Paris profite manifestement du désamour des pétromonarchies sunnites à l'égard de Washington. Elles se sont senties trahies à au moins deux reprises quand, en 2011, les Américains ont soudainement lâché l'ex-président égyptien Hosni Moubarak puis quand ils ont renoncé in extremis à intervenir contre le régime syrien de Bachar Al-Assad en 2013.

Elles s'inquiètent aussi d'un éventuel rapprochement entre l'Iran chiite et les Etats-Unis alors qu'un accord final est âprement négocié avec Téhéran sur son programme nucléaire, soupçonné de dissimuler des fins militaires.

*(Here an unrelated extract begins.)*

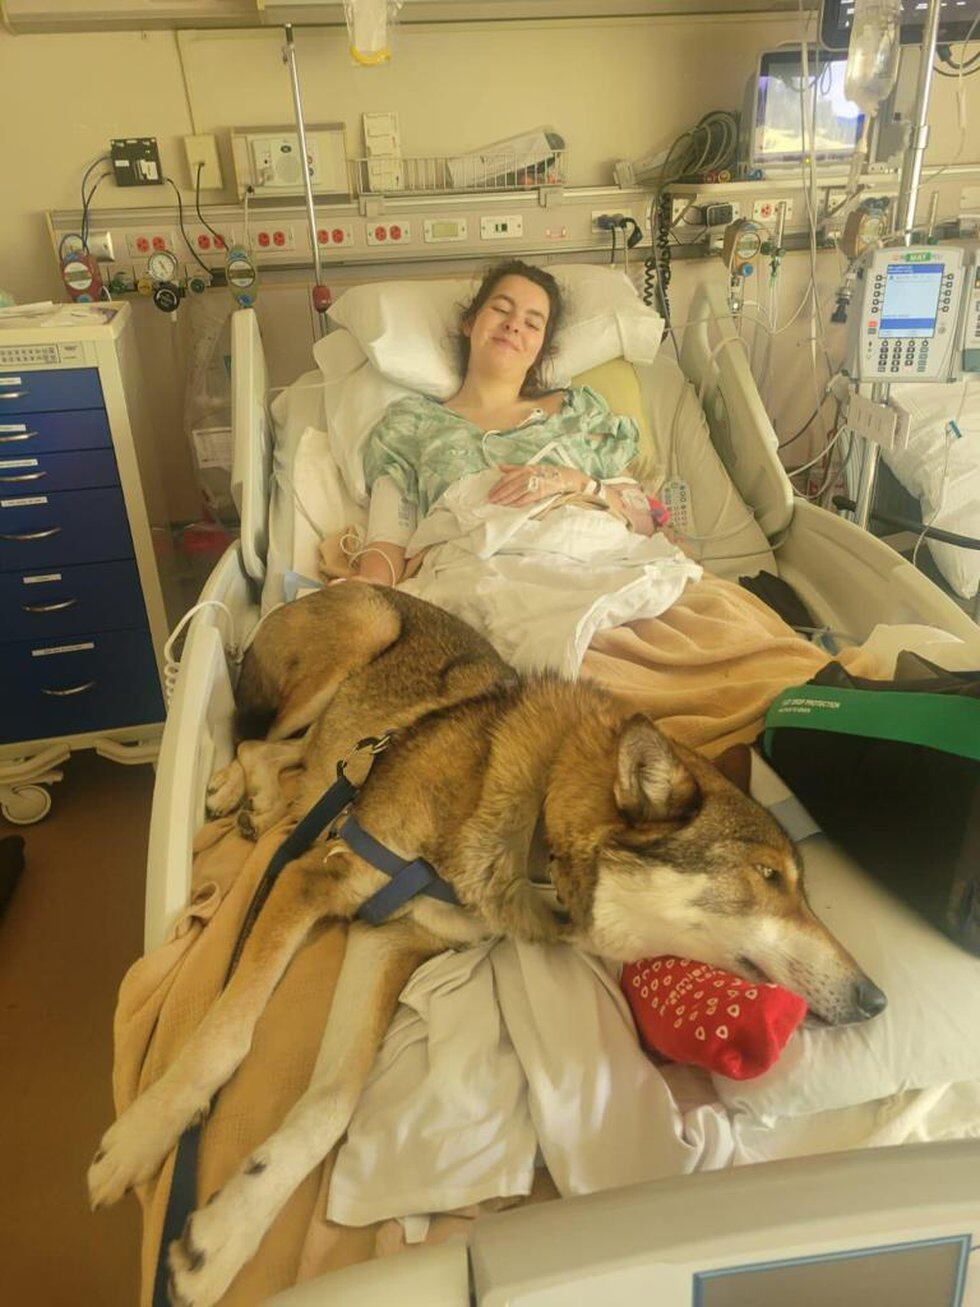 Amelia Dean with the dog she was walking in Custer State Park when she was attacked by a bison.
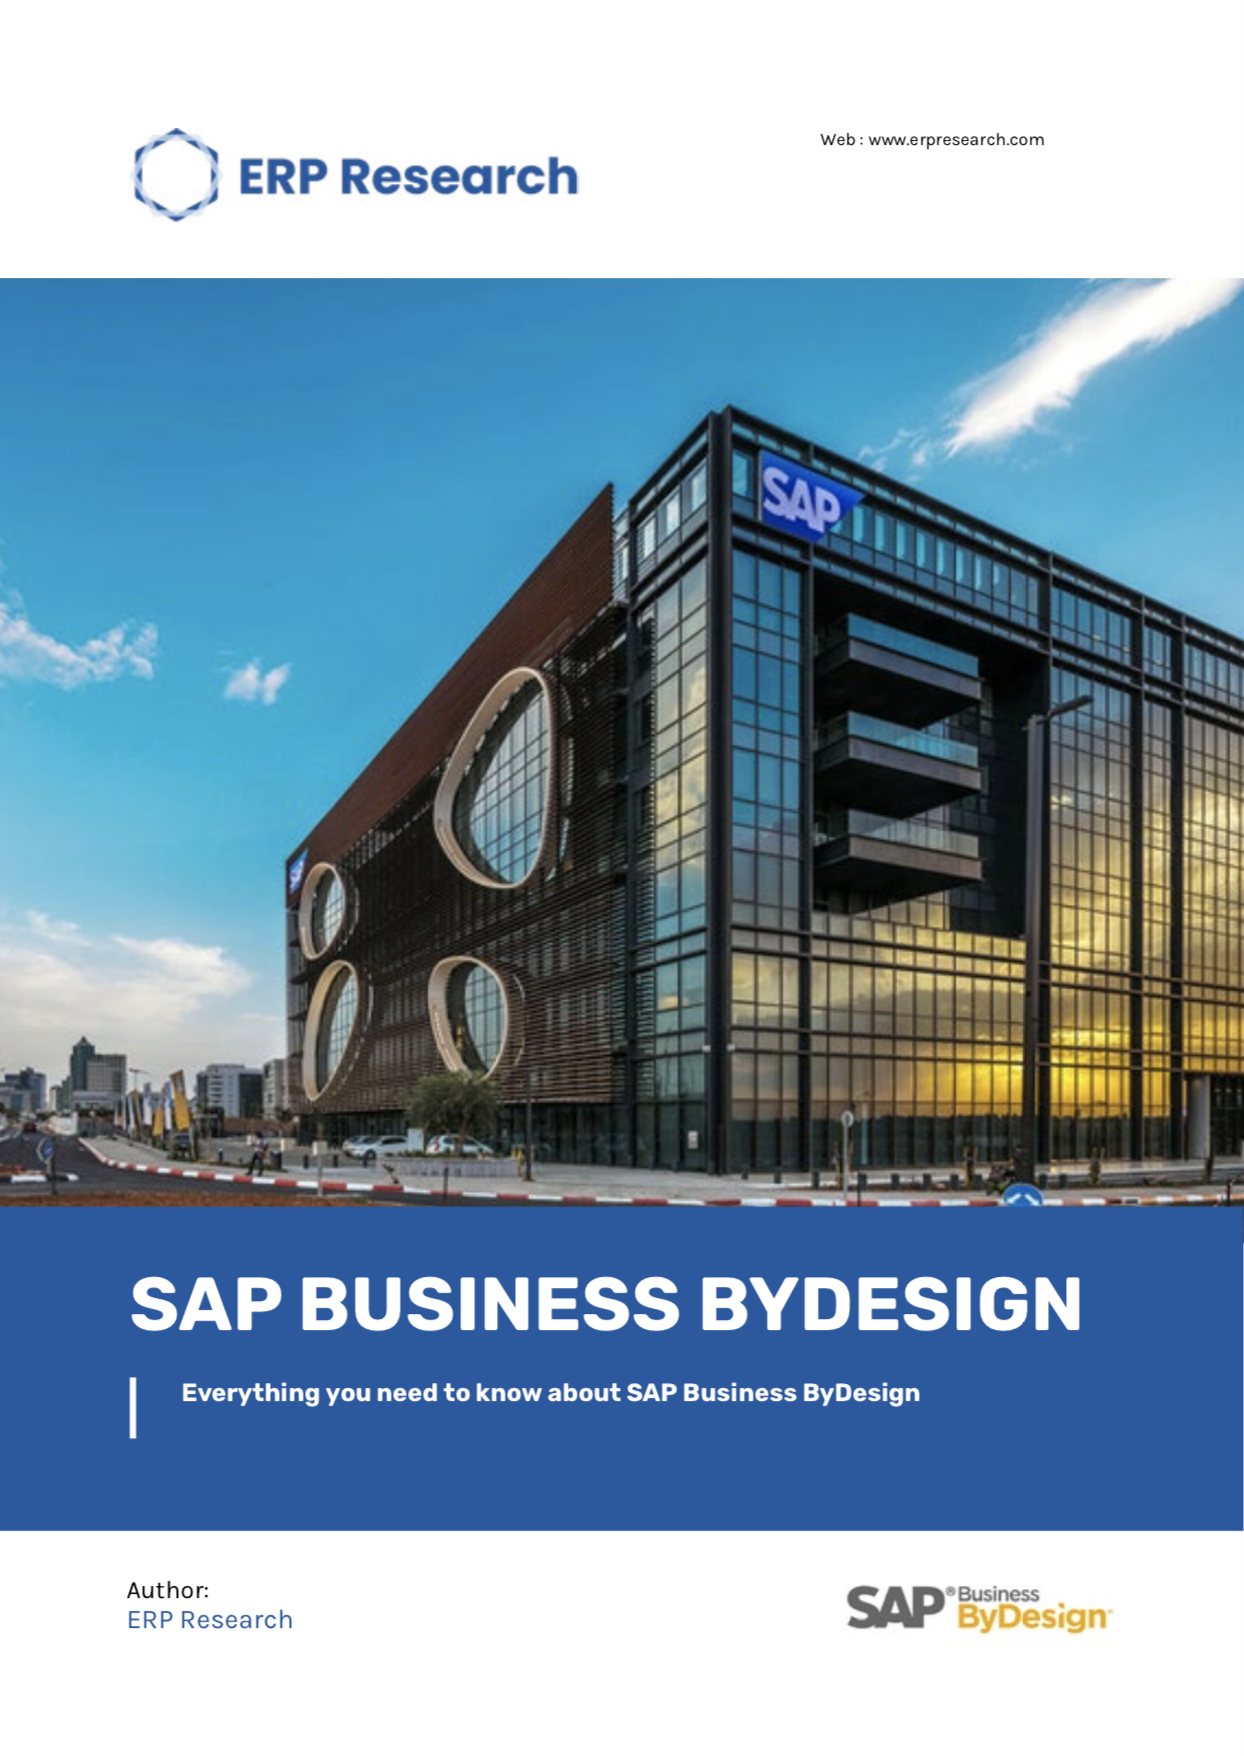 This ebook is the best aide for finance, supply chain and IT executives who are evaluating new ERP systems and software for their businesses SAP Business ByDesign

Dans une déclaration conjointe lundi soir après une rencontre entre M. Hollande et le roi Salmane d'Arabie saoudite, les deux parties ont de nouveau manifesté cette fermeté, insistant sur "la nécessité de parvenir avant le 30 juin, à un accord robuste, durable, vérifiable, incontestable et contraignant pour l'Iran", qui doit "garantir" que ce pays n'ait pas la bombe atomique.

Pour autant, la France n'a pas "fait le choix d'une religion contre une autre", des sunnites contre les chiites, a assuré Laurent Fabius. "Ce n'est pas du tout notre critère", a-t-il martelé.

Sur le Yémen, le président français a donné un gage à son hôte saoudien en confirmant, dans le texte commun, "l'importance de la mise en oeuvre de la résolution 2216 du Conseil de sécurité" de l'ONU qui somme les rebelles chiites de se retirer de toutes les zones qu'ils ont conquises depuis le début de leur offensive en juillet 2014.

Selon une source proche du dossier, outre l'appui politique à la coalition sous commandement saoudien, les Français ont fourni des informations de nature militaire, sous la forme d'images satellitaires du Yémen.

En se rendant au sommet du CCG à Ryad, le président Hollande a quelque peu brûlé la politesse à la rencontre prévue à la mi-mai aux Etats-Unis des dirigeants du CCG avec le président Barack Obama, qui tentera de les rassurer sur les négociations nucléaires avec l'Iran.